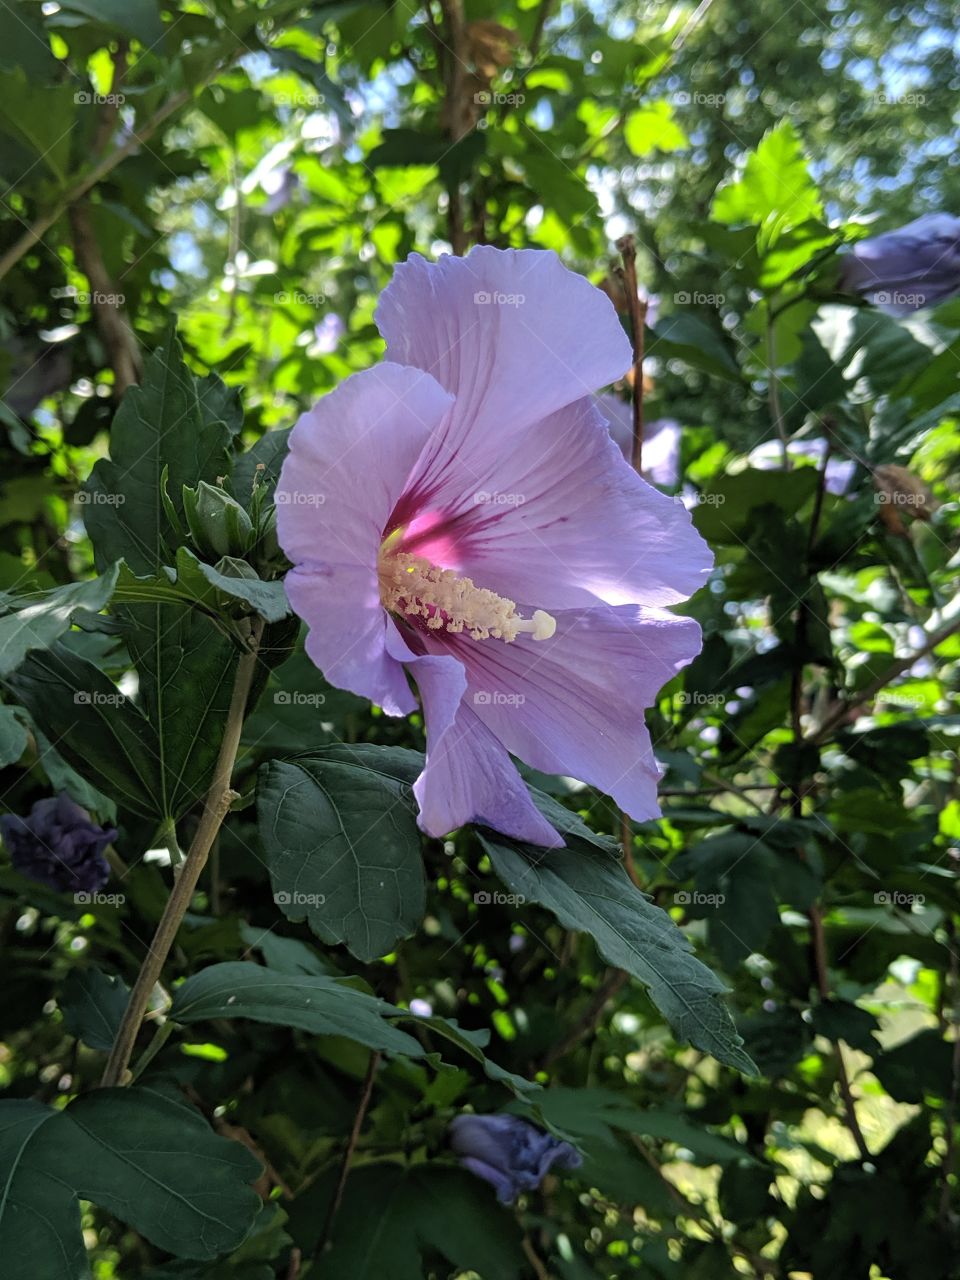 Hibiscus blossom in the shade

----------------

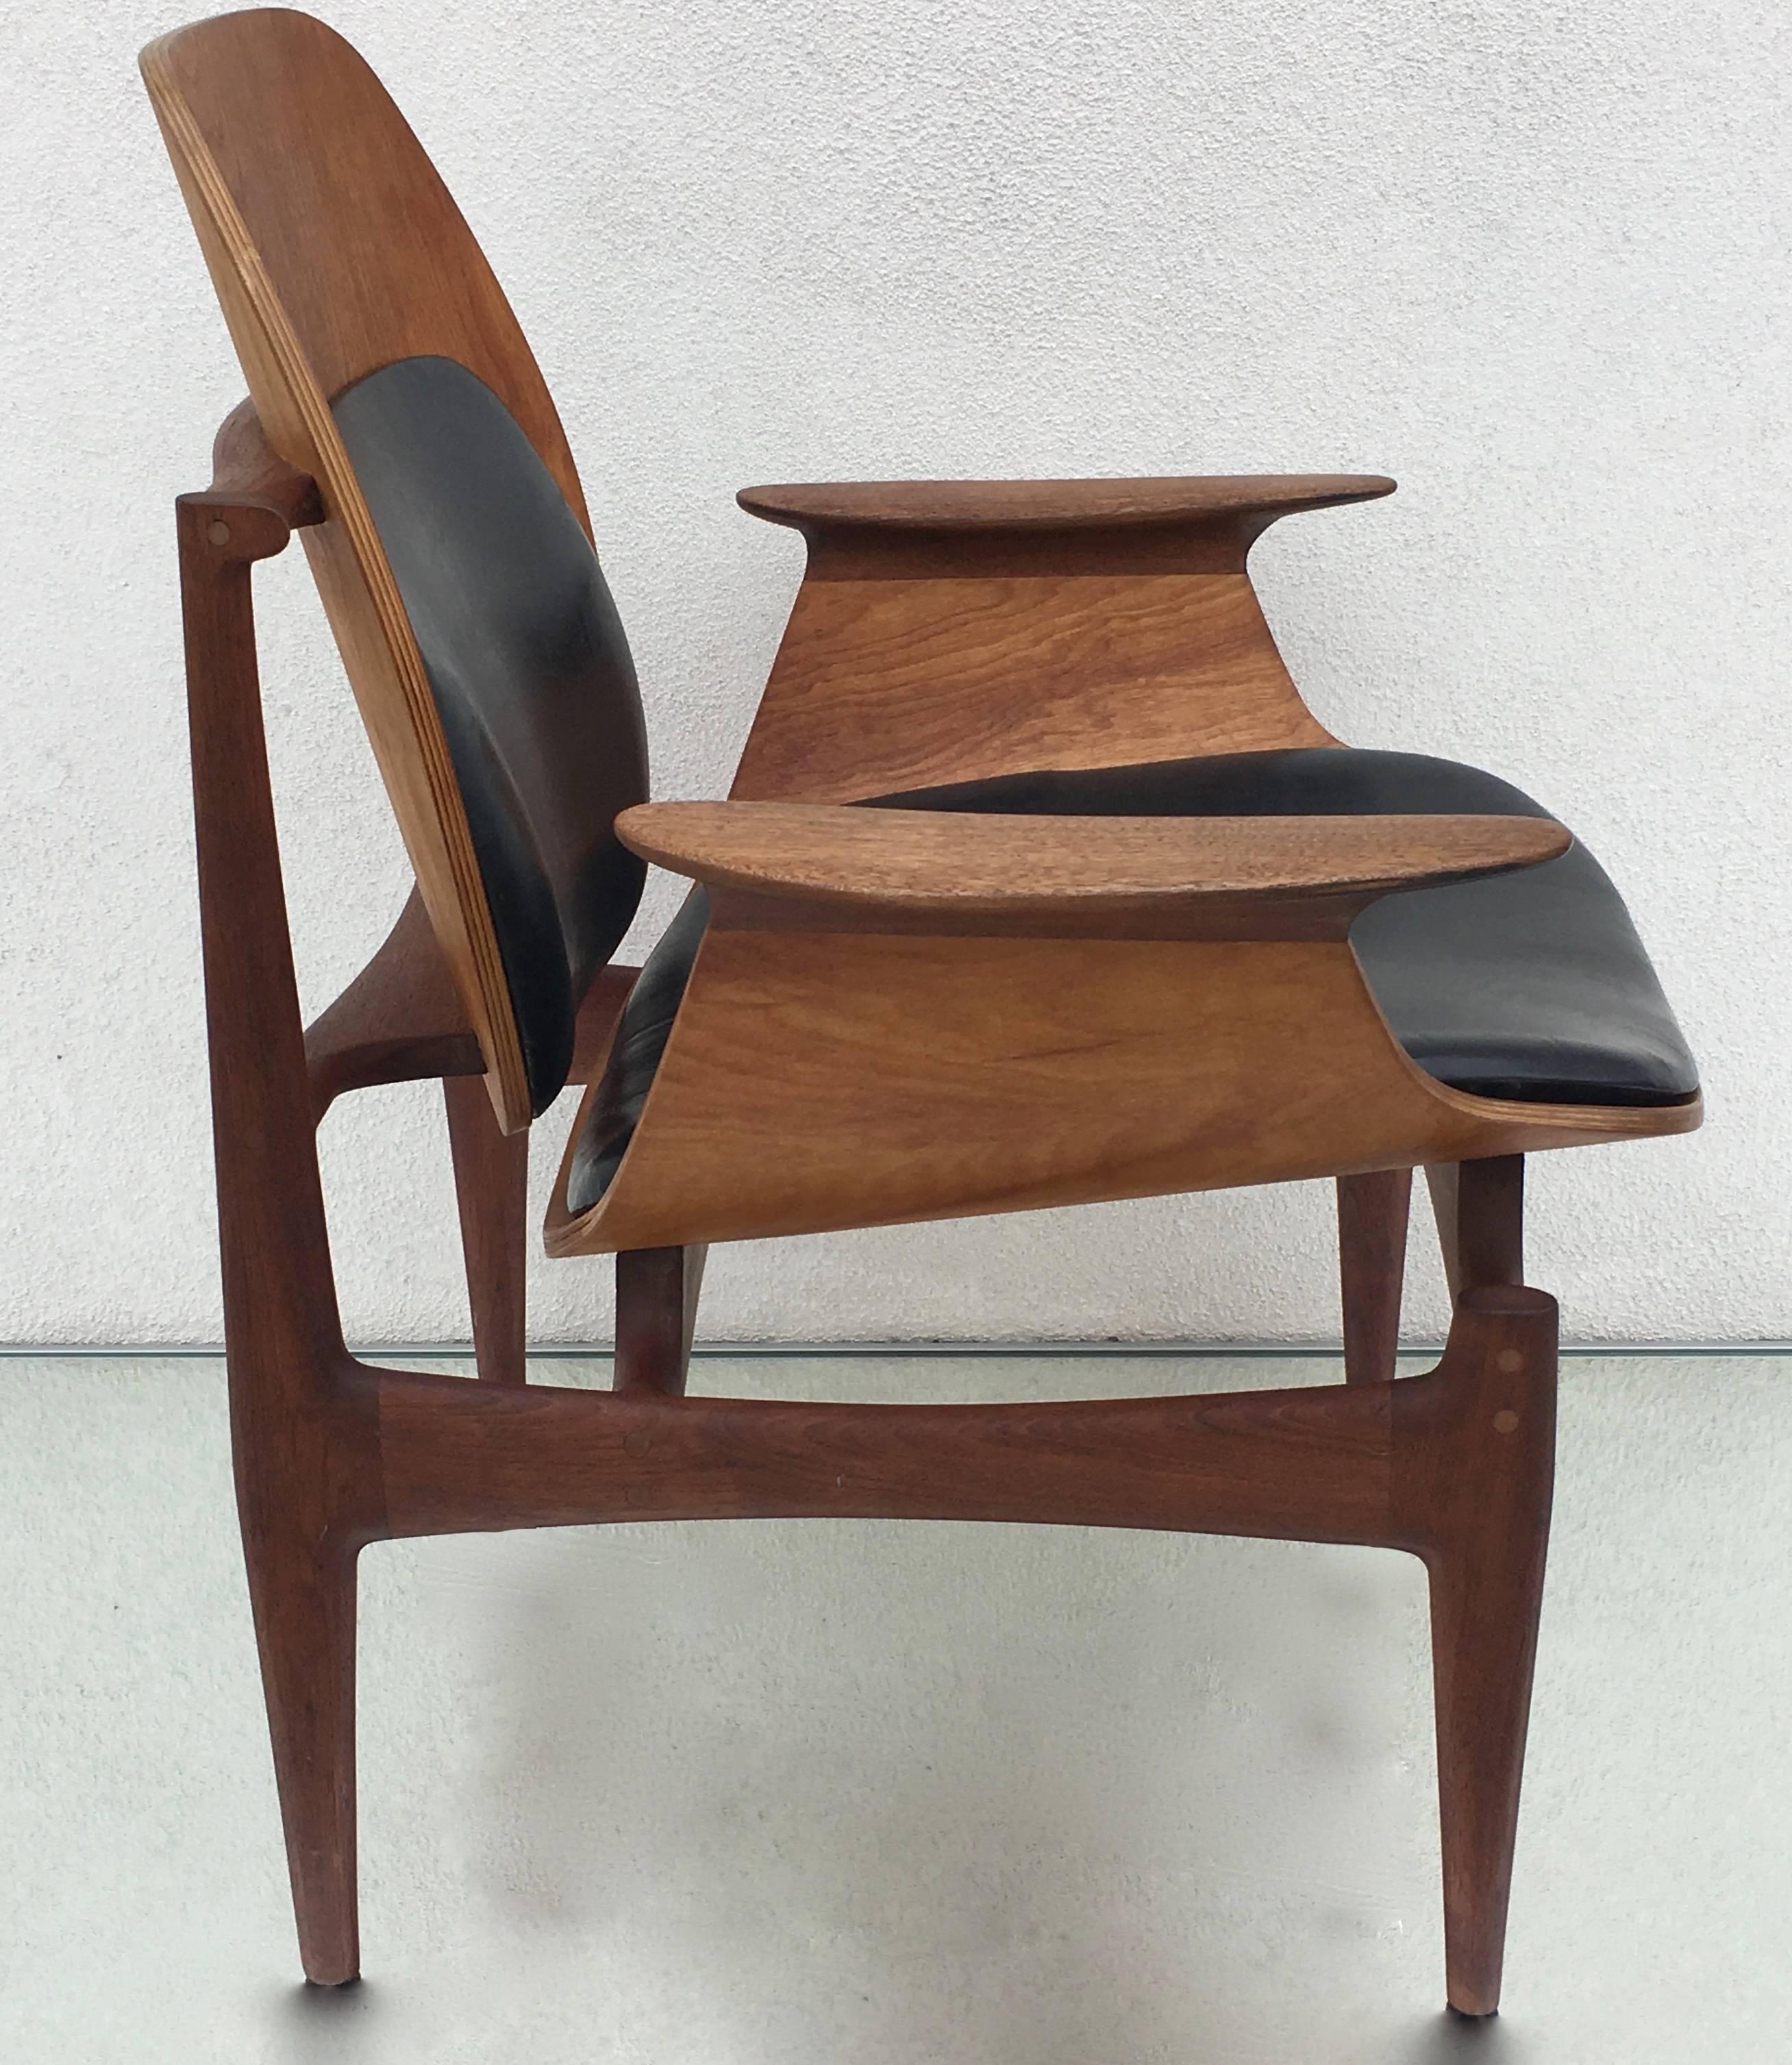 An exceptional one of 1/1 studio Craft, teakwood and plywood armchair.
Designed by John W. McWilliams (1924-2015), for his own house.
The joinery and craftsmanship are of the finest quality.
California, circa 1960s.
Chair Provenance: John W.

----------------

All that should be written out is the stretch of lines above between the one holding "The joinery and" and the one holding "Chair Provenance: John W.", inclusive, exactly as given.

The joinery and craftsmanship are of the finest quality.
California, circa 1960s.
Chair Provenance: John W.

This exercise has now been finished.